-BATMAN-

It was a cool spring day, and I was Batman. I was dressed in the stretchy black and gray costume my parents had bought me for Halloween the previous year The wind was rushing around like an unsettled rabbit, my cape billowing epically. Or at least, I pretended it was billowing epically. In reality it was far too light to really successfully billow, and therefore was merely flapping around pathetically, pinned to the top of my back. But I was not really in the mood for reality.

I had my mask off. I was free from the prying eyes of my enemies up here, free from the burden of disguise. I had sneaked out the sliding door in my parents' bedroom on the second floor of our house, onto the deck outside, up over the railing, and onto the roof.

I was on the highest point of the house. The lake was out in front of me, the large cherry tree behind me. Our roof had green shingles and a single, small, faded skylight leading to the living room. I steadied myself against the chimney, careful not to let the wind buffet me off the side, and stared out at Fairview Lake.

Someone was poisoning it, I decided. Someone was putting hallucinogenic carcinogens in the street's water supply, I decided. Or, rather, I probably would have decided, if I had known those words. At the time it was just, "poison."

"Who could it be?" I asked myself in a gravelly Christian Bale voice (although, technically speaking, I suppose Christian Bale hadn't played Batman in anything by that point). "Two-face was doing something shady down by the dock a few days ago..."

I tried to work out the pieces, putting together the things that made sense in my mind. I was Batman, a black-clad, 9-year-old detective who knew how to kick some serious ass. I had never not seen a case through to its conclusion. I was Batman. I was going to make the world better. This villainous plague that permeated society, made it evil, was absolute, but I was not Rorschach from Watchmen (even though I was far too young to ever have read that graphic novel), and I believed humanity could be saved... from itself.

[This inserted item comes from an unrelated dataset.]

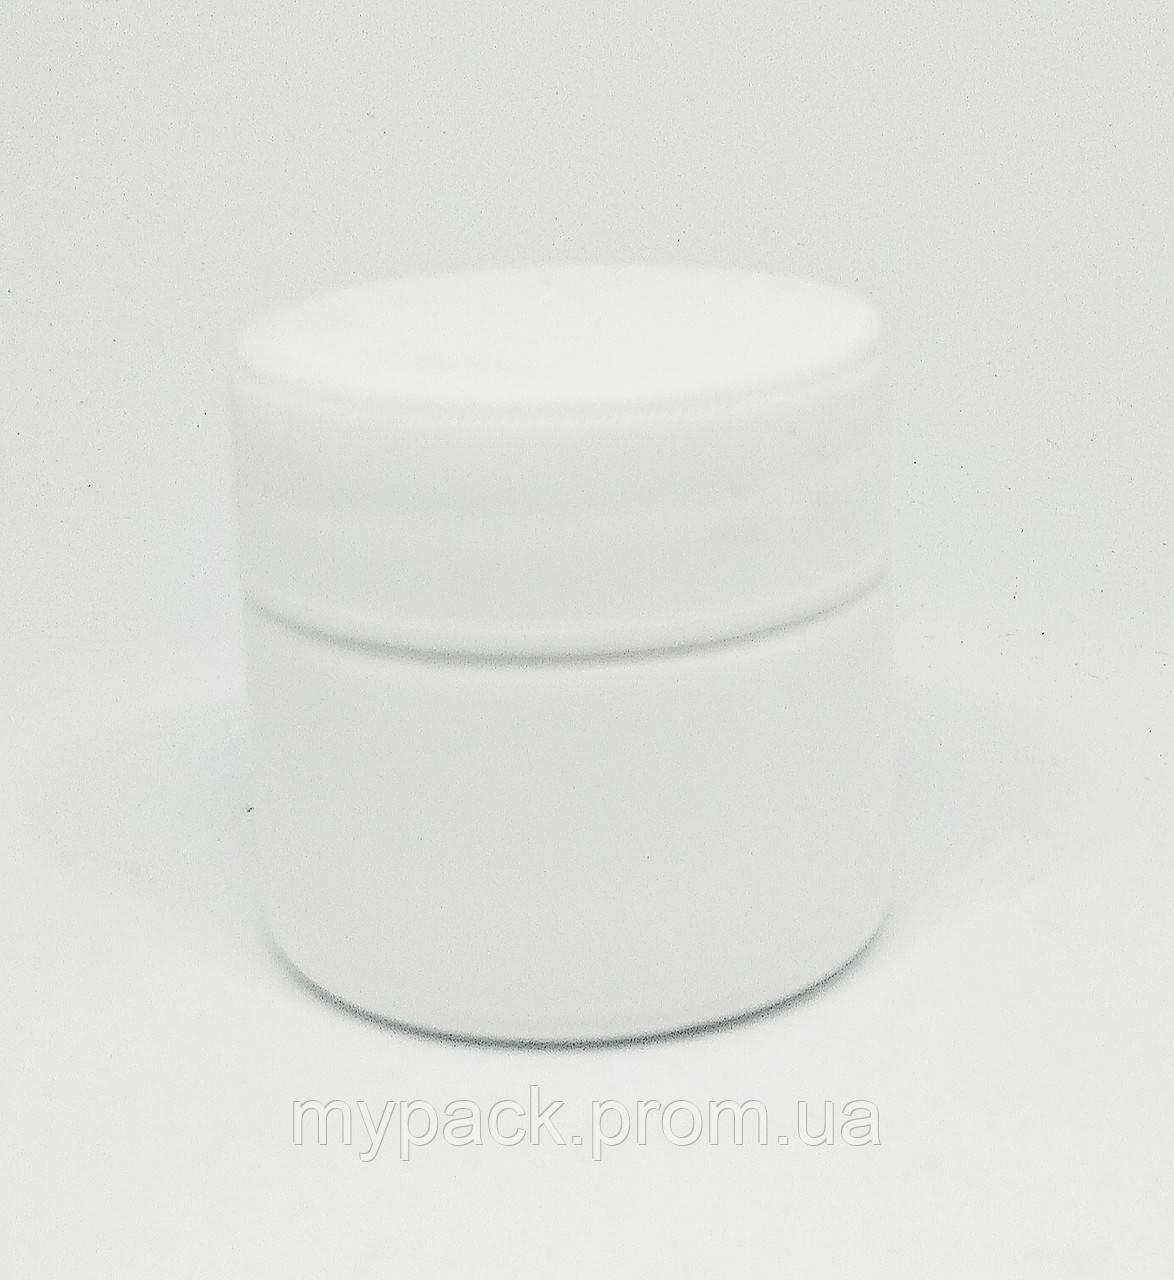 Баночка для крема косметическая 20 мл - 250 шт

I closed my eyes and in my head I walked down the street to the park where the water filtration system was. I kicked down the locked door and glided inside. There on the wall was a big, green question mark, etched in. I traced it with my gloved fingers.

The Riddler.

Taped to the wall by the Riddler's symbol, the question mark, was a piece of paper with a riddle on it. I quickly solved it to learn that the Riddler was hiding out in the old abandoned Montgomery Warehouse.

I opened my eyes and I was back on the roof. The sky was bright blue, the sun shining down. I ran hurriedly to the tree, jumped up into its foliage, and perched myself on a branch that overhung the building below.

In reality it was my house; in my mind it was the old, abandoned Montgomery Warehouse that housed the Riddler and his secret machinations. And it was at that point, as I stood precariously on that cherry tree branch, looking down into the skylight, the only entrance to the warehouse, that I made arguably one of the worst decisions of my life.

That is the day I will always remember, as the day I didn't jump.